◆ WHAT YOU HAVE TO DO
Beneath this line sits some data. Return only its lines from the one holding "Human figure sitting" through the one holding "Drop Project Lager", inclusive, exactly, with the images removed.
***** SOURCE RECORDS
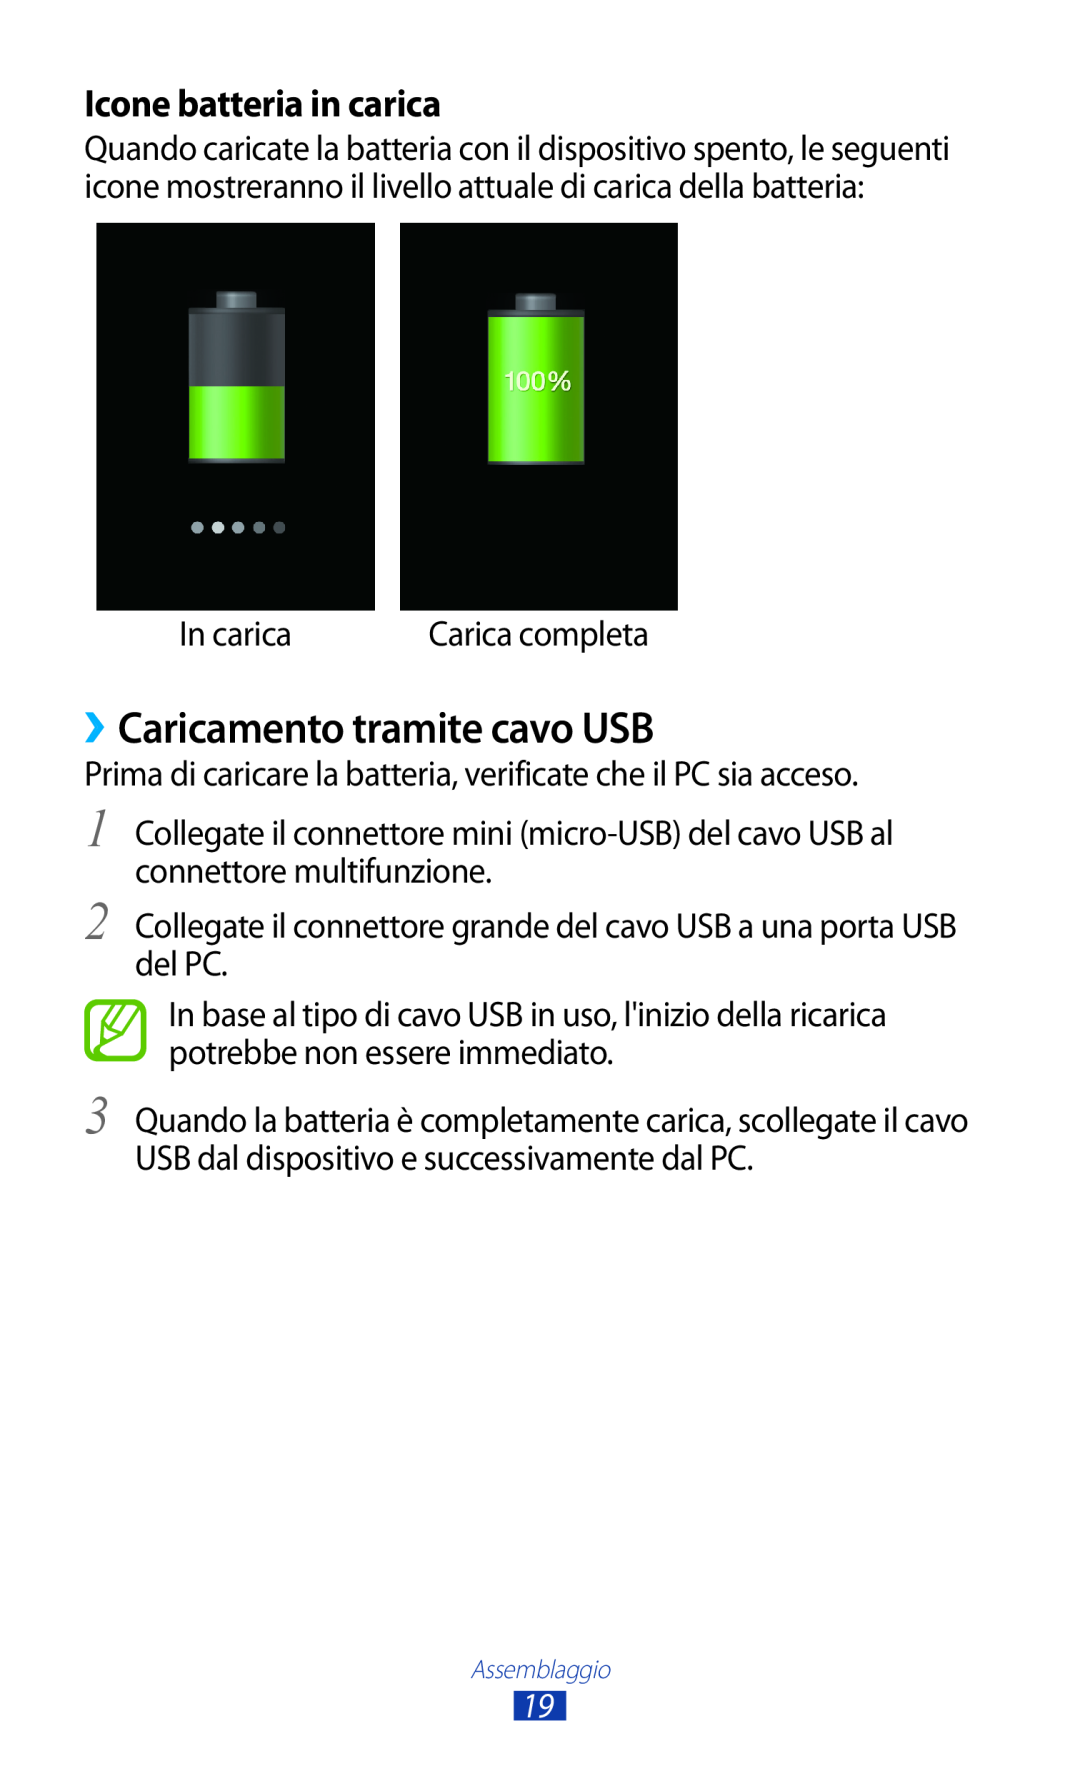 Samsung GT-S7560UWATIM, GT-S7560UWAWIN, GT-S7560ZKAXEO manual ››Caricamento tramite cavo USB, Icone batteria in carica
**********
***** SOURCE RECORDS
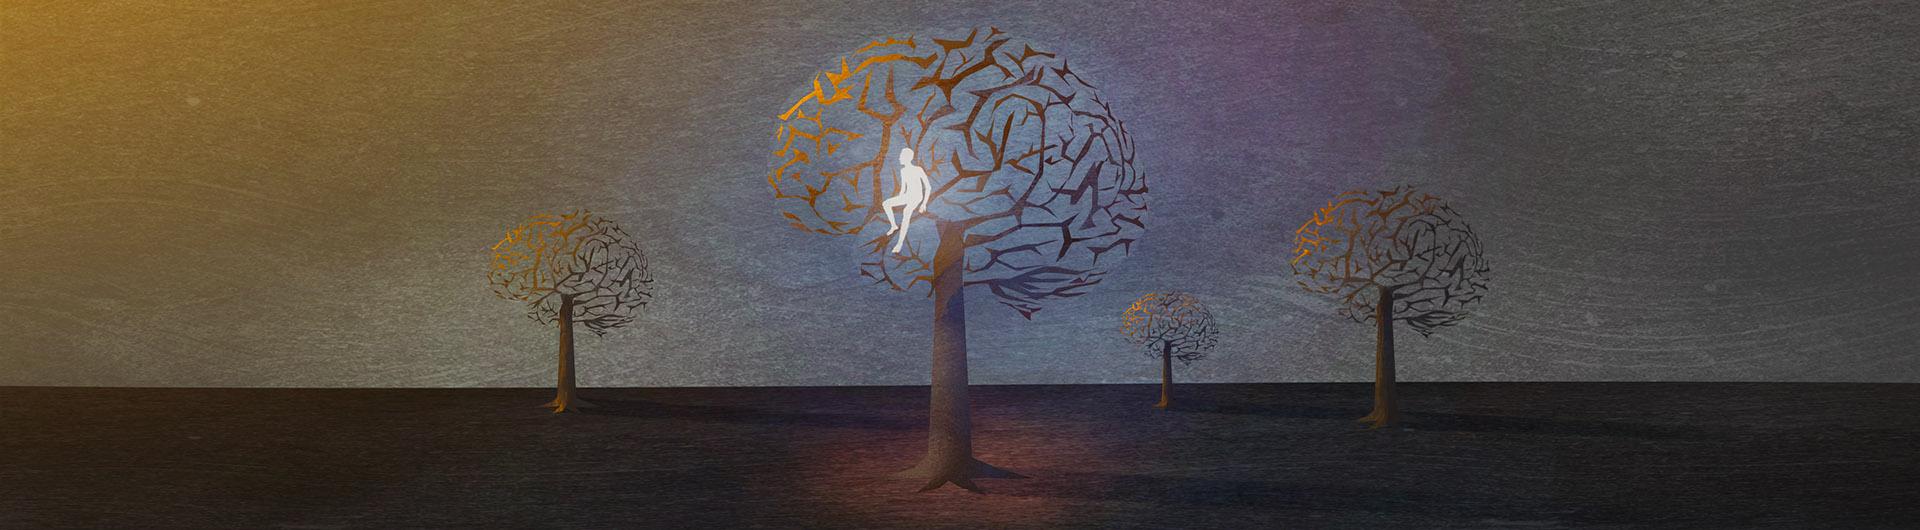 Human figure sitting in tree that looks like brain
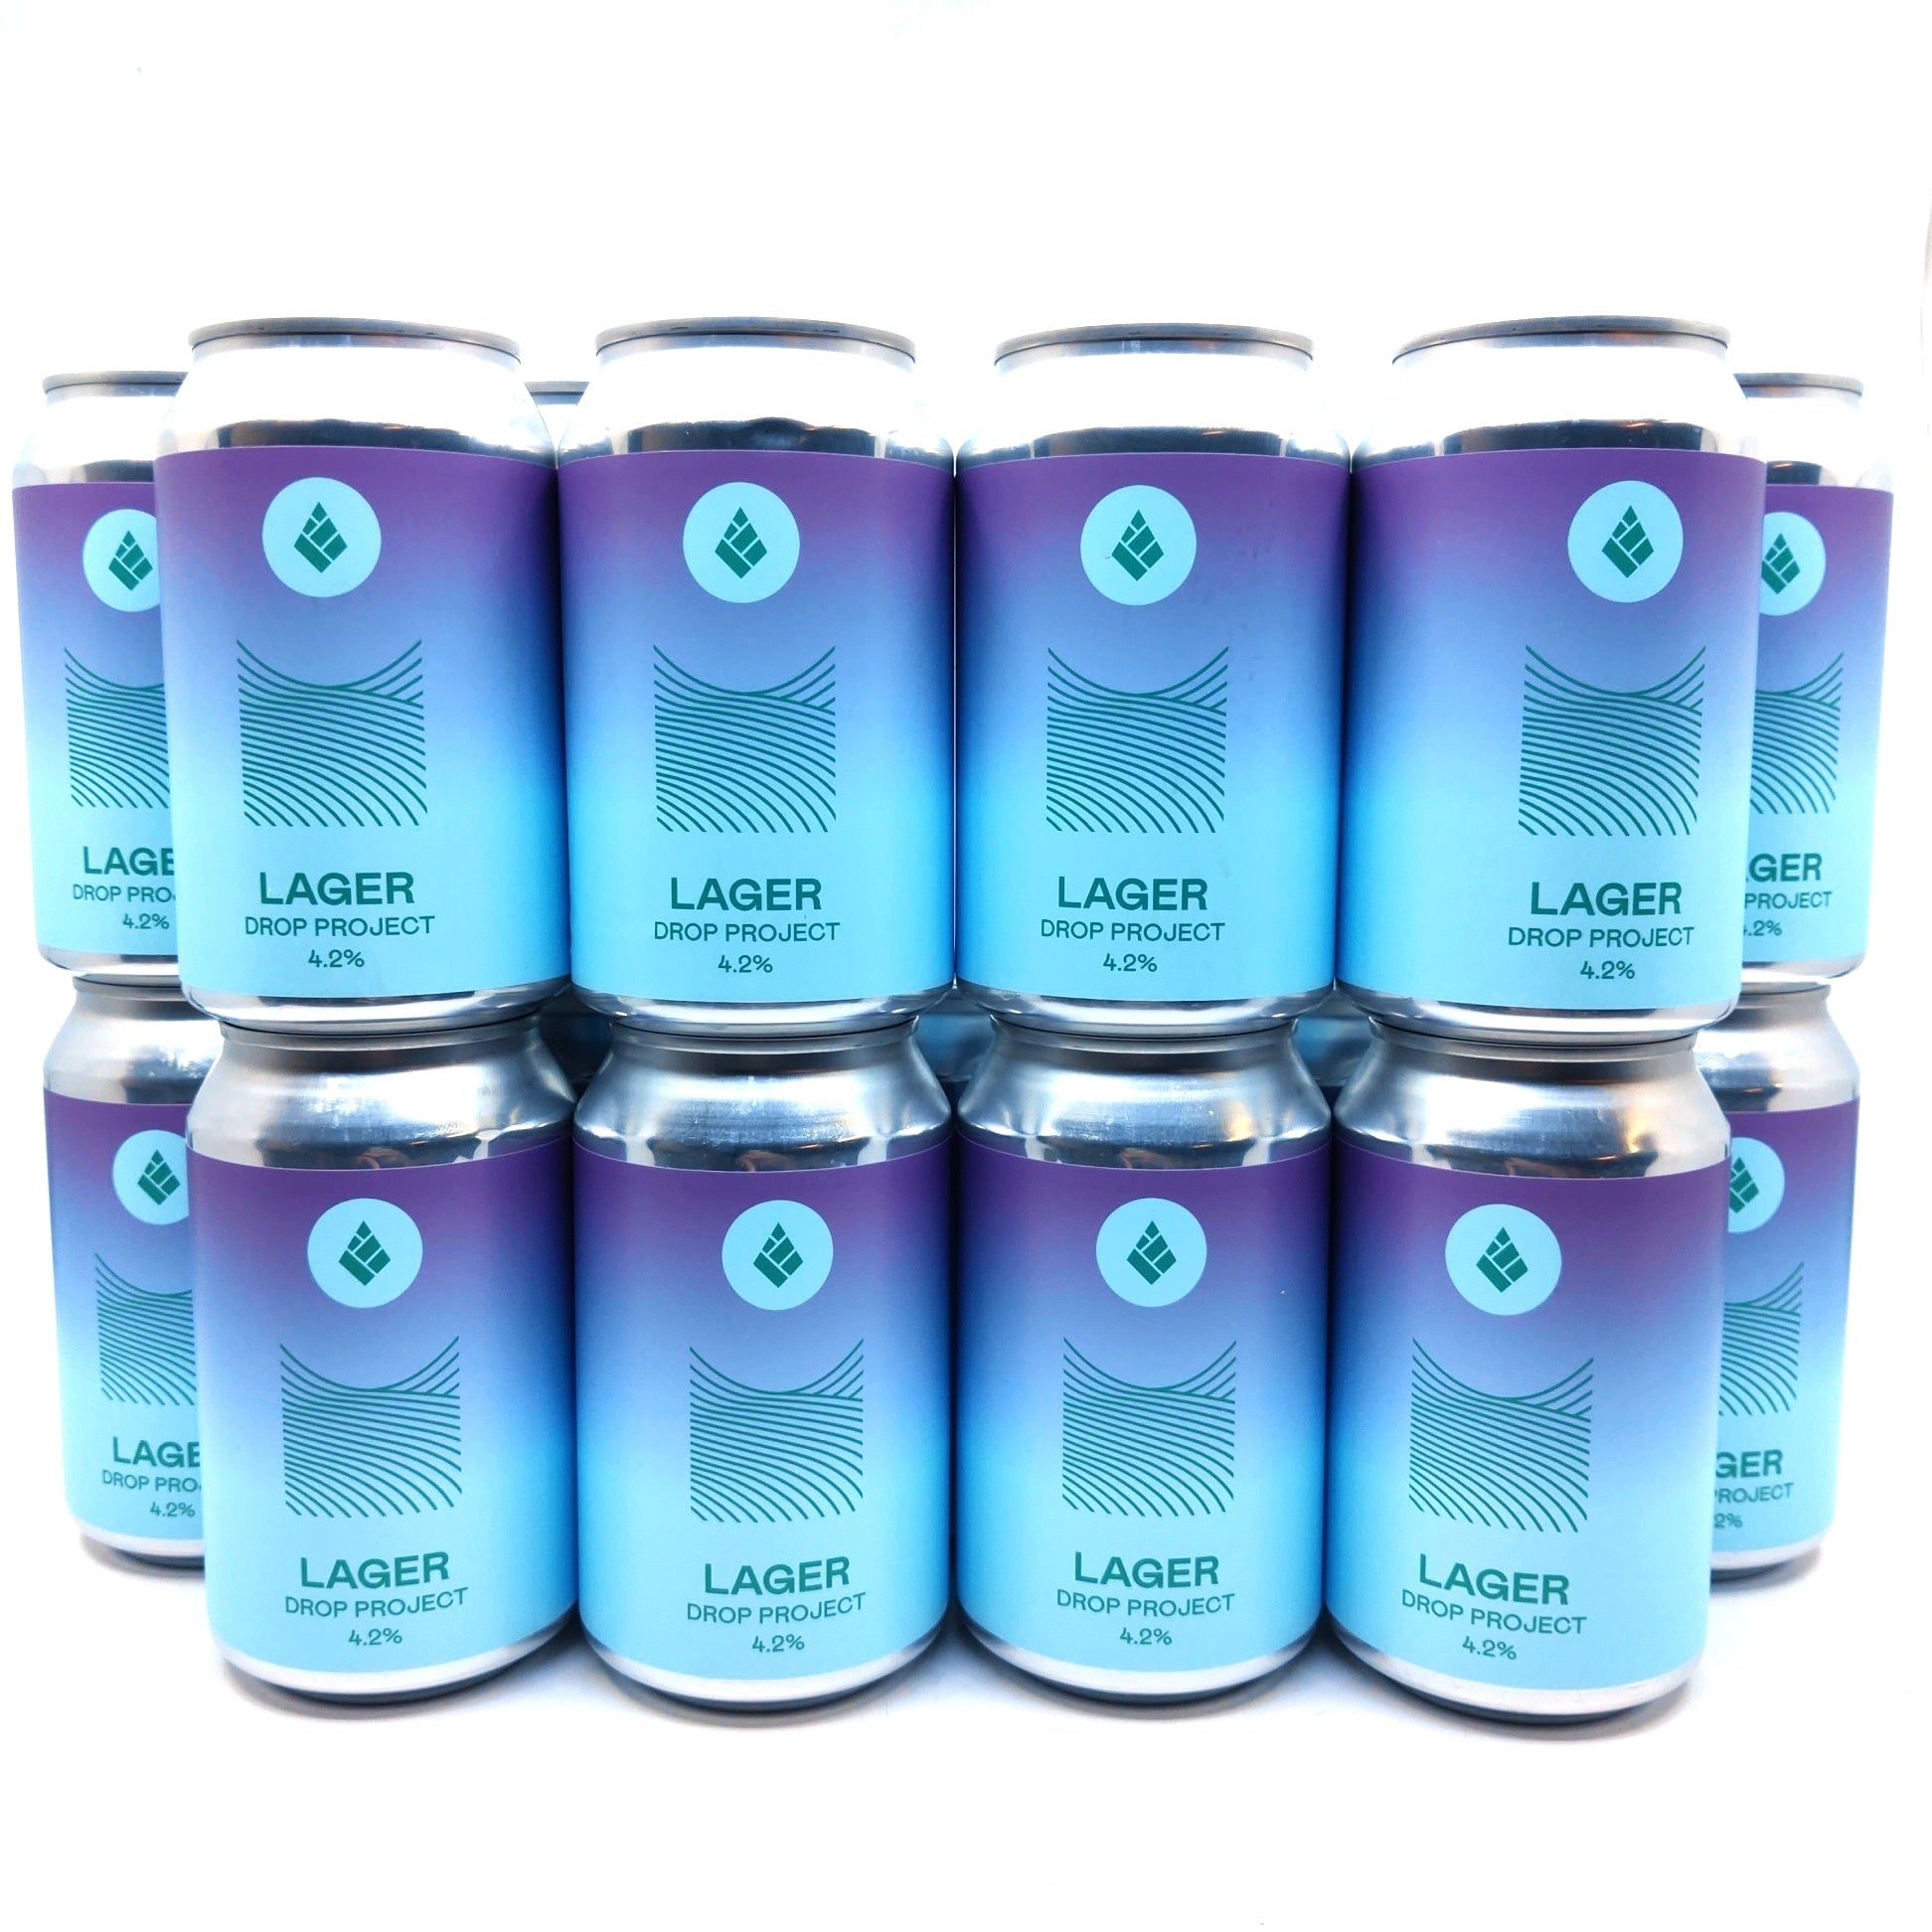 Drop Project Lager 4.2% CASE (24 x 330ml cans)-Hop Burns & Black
**********
***** SOURCE RECORDS
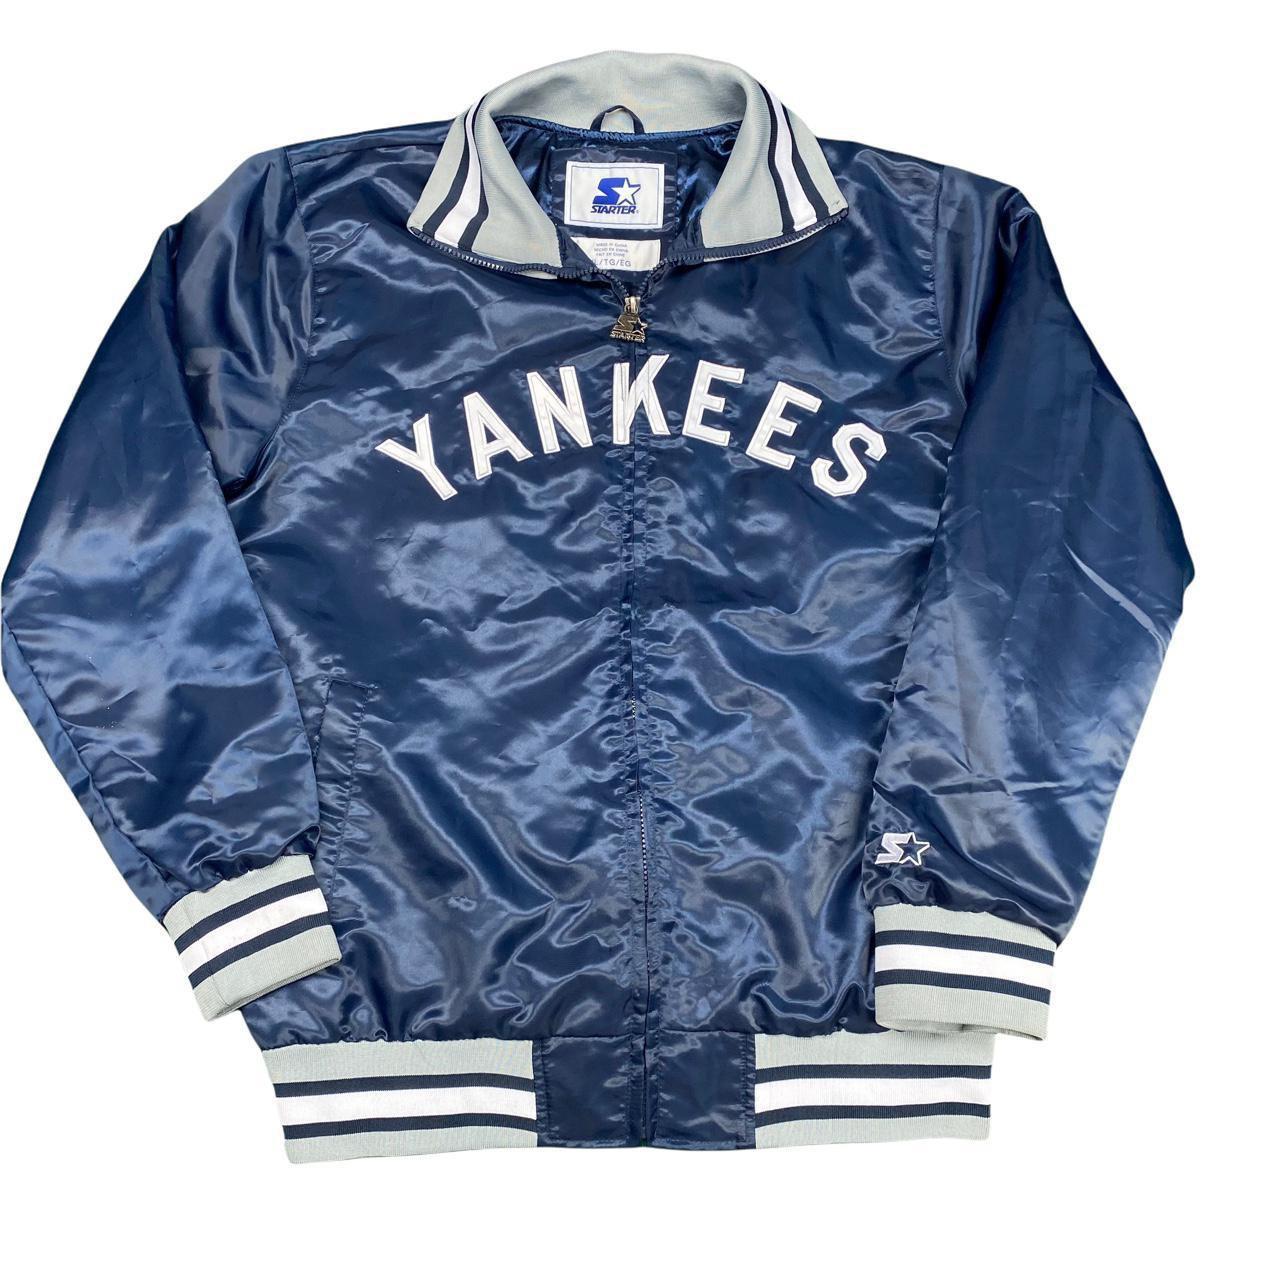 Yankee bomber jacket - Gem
**********
◆ SOLUTION TO THIS TASK
 Human figure sitting in tree that looks like brain
 Drop Project Lager 4.2% CASE (24 x 330ml cans)-Hop Burns & Black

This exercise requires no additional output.